Three American service-members were injured by a drone attack in Iraq on Monday, National Security Council spokesperson Adrienne Watson said. One of the three was "critically" injured.

The strike by the "one-way attack drone" was met with U.S. retaliation, according to the statement from Watson, with President Joe Biden ordering American forces to strike multiple targets "focused specifically on unmanned aerial drone activities."

American military personnel in the Middle East have increasingly come under attack in the region since Hamas' intrusion into Israel on Oct. 7 led to an Israeli invasion of Gaza.
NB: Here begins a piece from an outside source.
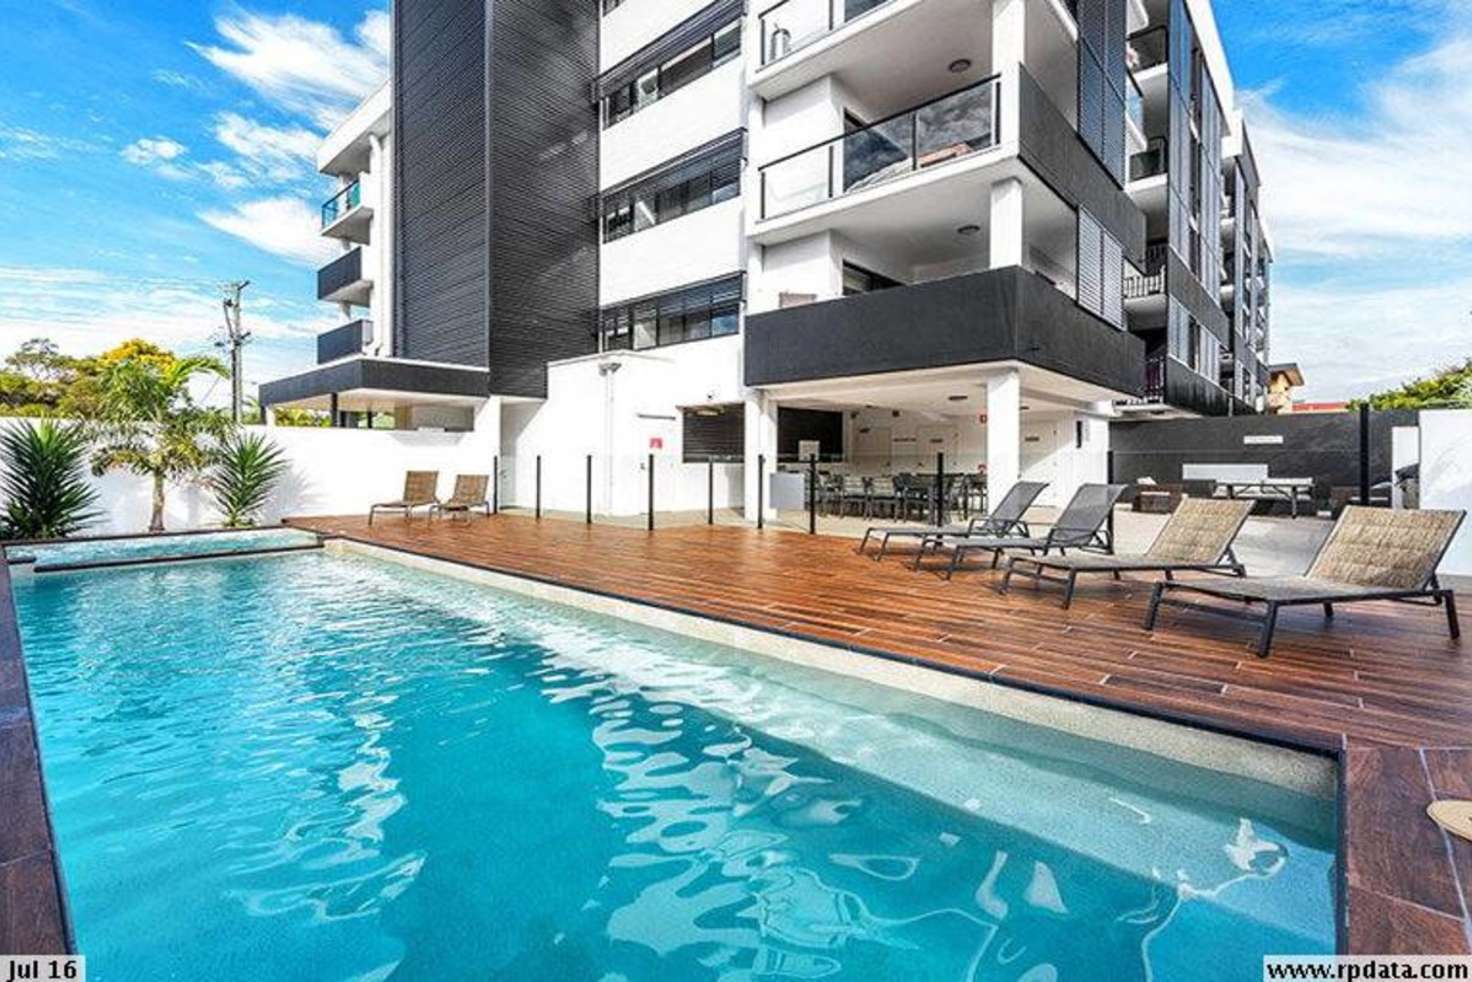 Main view of Homely apartment listing, 120-124 Melton Road, Nundah QLD 4012

Commercial shipping in the region has also come under fire.

"The Iranian-backed militia Kataib Hezbollah and affiliated groups, under an umbrella of Iranian-backed militants, claimed credit for the attack," Watson said in the statement Monday night.

None of the three service-members were identified, nor was it specified in which branch of the military they served.

Watson said the Biden administration would consider further counter-strikes.

"The President places no higher priority than the protection of American personnel serving in harm’s way," Watson said. "The United States will act at a time and in a manner of our choosing should these attacks continue."

Biden and first lady Jill Biden spent part of Christmas Day calling American military personnel in Michigan, Hawaii and around the world to offer Christmas greetings and thank them for their service.